Apple ponownie znajduje się w centrum prawnego zamieszania, tym razem za sprawą pozwu zbiorowego złożonego przez grupę niezależnych deweloperów aplikacji. Pozew ten, poprowadzony przez kancelarię Hagens Berman we współpracy z firmą Pure Sweat Basketball, zarzuca Apple świadome naruszenie nakazu sądowego wynikającego z głośnej sprawy przeciwko Epic Games. Cała sprawa dotyczy kontrowersyjnych praktyk firmy z Cupertino związanych z ograniczaniem alternatywnych metod płatności poza App Store.
W 2021 roku sąd orzekł, że Apple musi umożliwić deweloperom informowanie użytkowników o zewnętrznych formach płatności — tzw. „anti-steering injunction”. Nakaz ten miał wejść w życie dopiero 17 stycznia 2024 roku ze względu na odwołania Apple, jednak gdy firma w końcu go wdrożyła, zrobiła to w sposób, który sąd uznał za niekonkurencyjny. Zamiast wprowadzić faktyczną swobodę wyboru, Apple nałożyło szereg ograniczeń. Między innymi, zewnętrzne linki płatności w aplikacjach mogły być używane tylko w formie jednego, określonego linku, a twórcy aplikacji musieli oddawać Apple prowizję sięgającą nawet 27%.
Deweloperzy twierdzą, że takie działanie Apple było nie tylko naruszeniem postanowienia sądu, ale również skutecznie zniechęcało użytkowników do korzystania z alternatywnych metod płacenia. Firma stosowała tzw. „ekrany ostrzegawcze”, mające wzbudzić nieufność wobec zakupów przeprowadzanych poza App Store. W efekcie wielu klientów rezygnowało z takich transakcji, przez co deweloperzy tracili potencjalne przychody.
W pozwie oskarża się Apple o celowe obchodzenie prawa, co miało kosztować niezależnych twórców aplikacji nawet miliardy dolarów. Warto zaznaczyć, że w okresie obowiązywania tych restrykcyjnych zasad, zaledwie 34 spośród 136 tysięcy deweloperów zdecydowało się na wdrożenie zewnętrznych systemów płatności. To wyraźnie pokazuje, jak skuteczne były działania Apple w zniechęcaniu do opuszczania ich ekosystemu.
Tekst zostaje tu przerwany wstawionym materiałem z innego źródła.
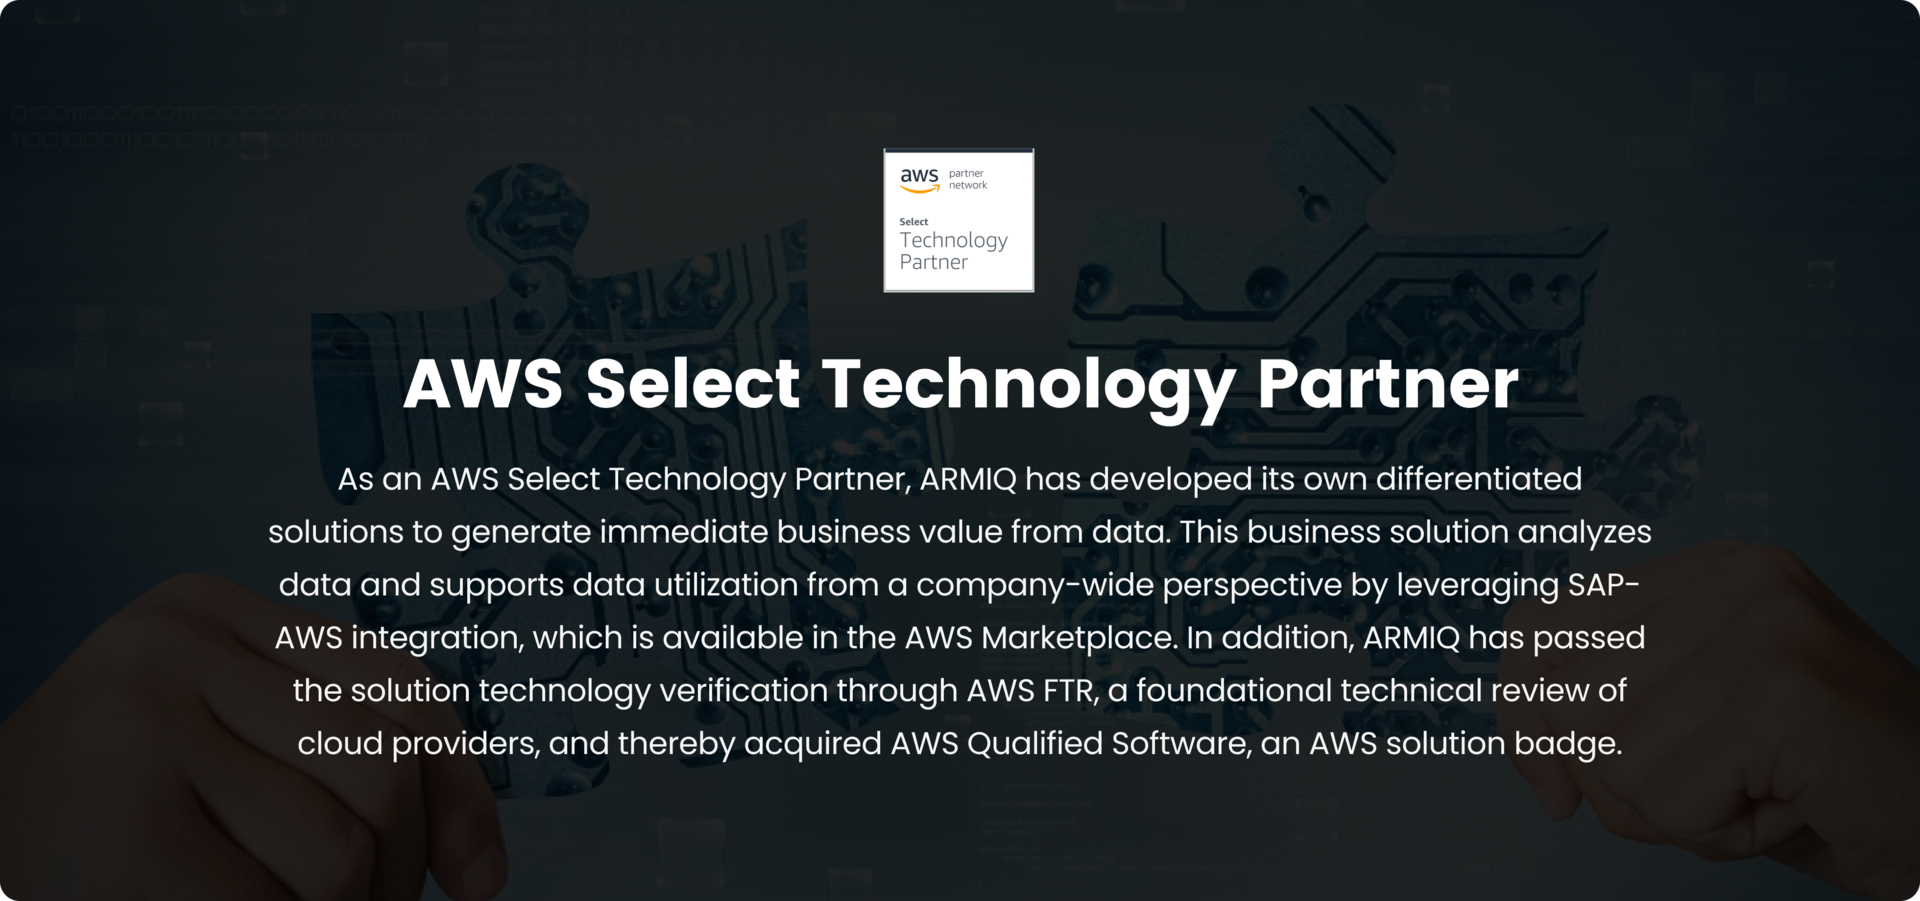 AWS Select Technology Partner, As an AWS Select Technology Partner, ARMIQ has developed its own differentiated solutions to generate immediate business value from data. This business solution analyzes data and supports data utilization from a company-wide perspective by leveraging SAP-AWS integration, which is available in the AWS Marketplace. In addition, ARMIQ has passed the solution technology verification through AWS FTR, a foundational technical review of cloud providers, and thereby acquired AWS Qualified Software, an AWS solution badge.

Deweloperzy domagają się obecnie rekompensaty za poniesione straty i chcą, by Apple zwróciło wszystkie „nieuczciwie zdobyte zyski” wynikające z nielegalnych praktyk. Sprawą zajmuje się kancelaria Hagens Berman, która wcześniej wywalczyła już dla twórców aplikacji 100 milionów dolarów odszkodowania za zawyżone opłaty na App Store.
Apple tymczasem zapowiedziało, że zamierza odwołać się od ostatnich decyzji sądu, które wymuszają całkowite zniesienie ograniczeń na zewnętrzne linki płatnicze. Przyszłość relacji między gigantem technologicznym a społecznością deweloperską pozostaje więc niepewna, ale jedno jest pewne — rośnie presja, by Apple zmieniło swoje podejście do konkurencyjnych modeli sprzedaży w ekosystemie iOS.
Sprawa ta to kolejna odsłona większego trendu, w którym największe firmy technologiczne są coraz częściej rozliczane z działań ograniczających wolny rynek oraz swobodę użytkowników i twórców. Wynik tego procesu może mieć długofalowy wpływ na kształt regulacji cyfrowych nie tylko w Stanach Zjednoczonych, ale również globalnie, zwłaszcza że model prowizyjny App Store od dawna budzi kontrowersje zarówno po stronie konsumentów, jak i twórców oprogramowania.